On the Complexity of the Skolem Problem at Low Orders

TL;DR

This paper introduces a randomized polynomial-time algorithm for the bounded Skolem Problem for linear recurrence sequences of fixed order, improving the complexity bounds for the classical Skolem Problem in low orders.

Contribution

It presents a novel randomized algorithm for the bounded Skolem Problem, showing the Skolem Problem for order up to 4 is in coRP, and employs p-adic analysis and arithmetic circuit testing.

Findings

The bounded Skolem Problem can be solved in polynomial time for fixed order sequences.

The Skolem Problem for order up to 4 is in coRP, improving previous bounds.

The algorithm uses p-adic analysis to identify candidate zeros efficiently.

Abstract

The Skolem Problem asks to determine whether a given linear recurrence sequence (LRS) $\langle u_n \rangle_{n=0}^\infty$ over the integers has a zero term, that is, whether there exists $n$ such that $u_n = 0$. Decidability of the problem is open in general, with the most notable positive result being a decision procedure for LRS of order at most 4. In this paper we consider a bounded version of the Skolem Problem, in which the input consists of an LRS $\langle u_n \rangle_{n=0}^\infty$ and a bound $N \in \mathbb N$ (with all integers written in binary), and the task is to determine whether there exists $n\in\{0,\ldots,N\}$ such that $u_n=0$. We give a randomised algorithm for this problem that, for all $d\in \mathbb N$, runs in polynomial time on the class of LRS of order at most $d$. As a corollary we show that the (unrestricted) Skolem Problem for LRS of order at most 4 lies in $\mathsf{coRP}$, improving the best previous upper bound of $\mathsf{NP}^{\mathsf{RP}}$. The running time of our algorithm is exponential in the order of the LRS -- a dependence that appears necessary in view of the $\mathsf{NP}$-hardness of the Bounded Skolem Problem.
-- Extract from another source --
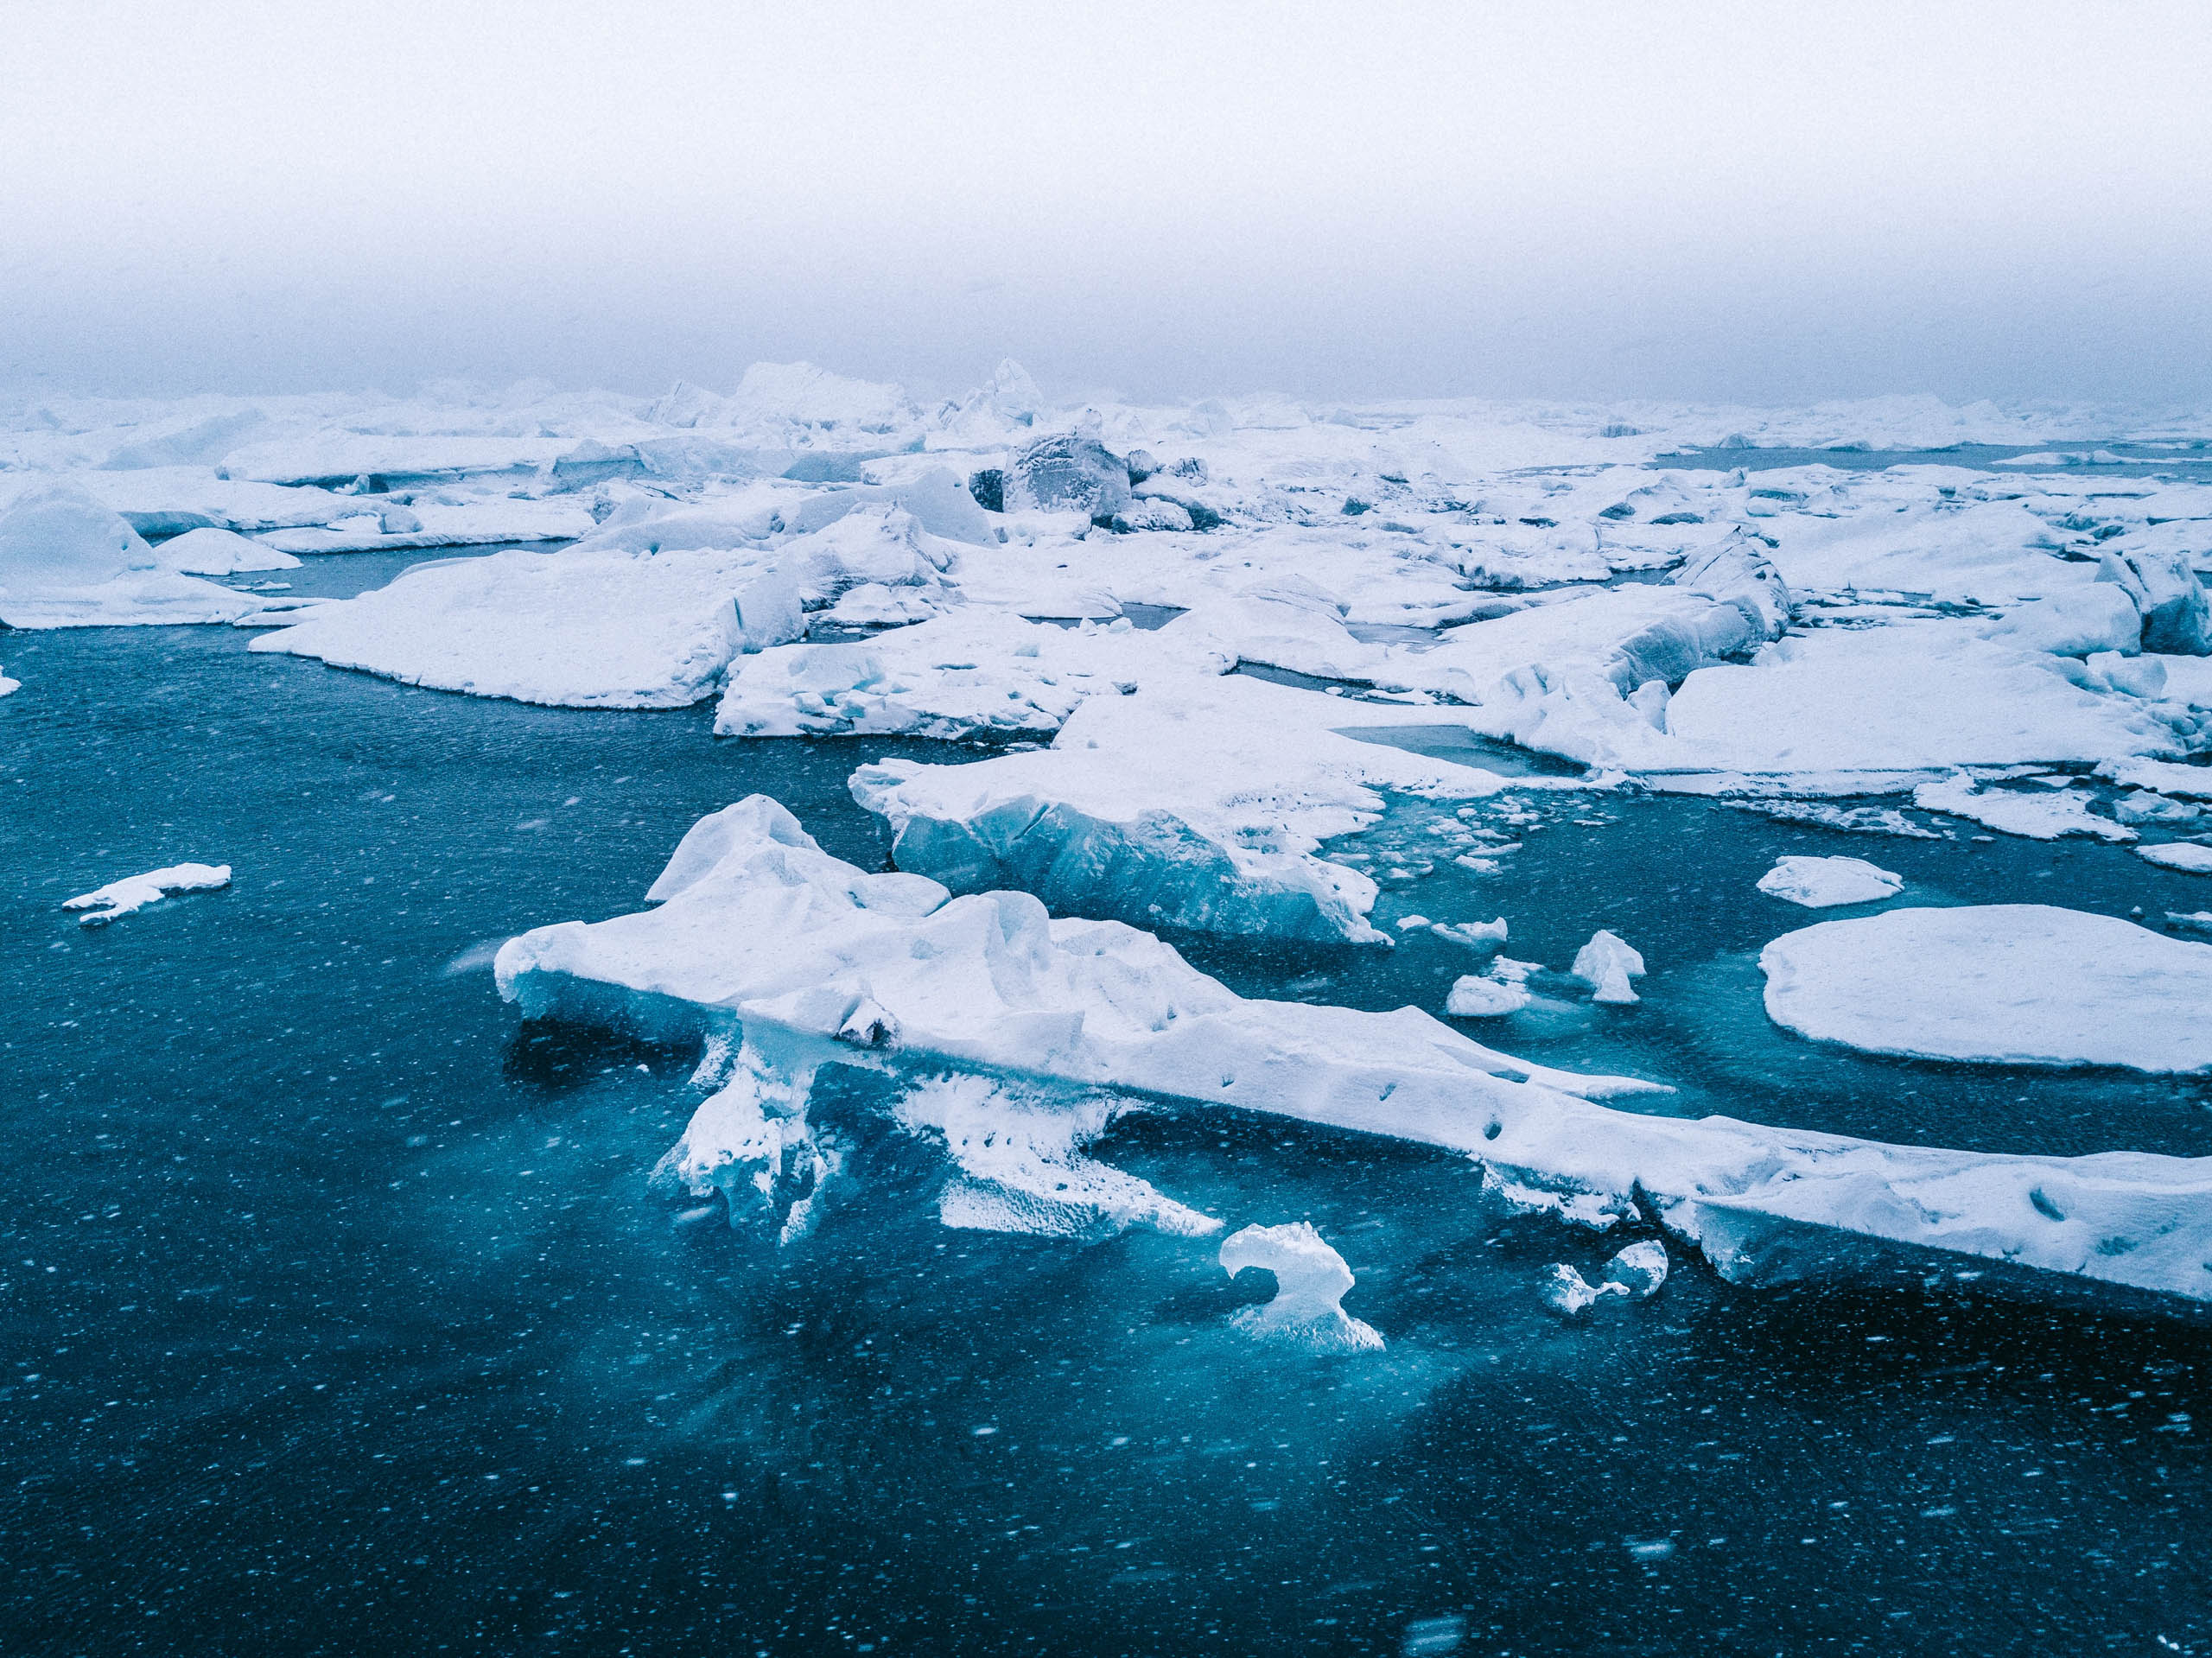 Bắc Cực hay Nam Cực là nơi lạnh nhất trên Trái Đất?

However, even for LRS of a fixed order, the problem involves detecting zeros within an exponentially large range. For this, our algorithm relies on results from $p$-adic analysis to isolate polynomially many candidate zeros and then test in randomised polynomial time whether each candidate is an actual zero by reduction to arithmetic-circuit identity testing.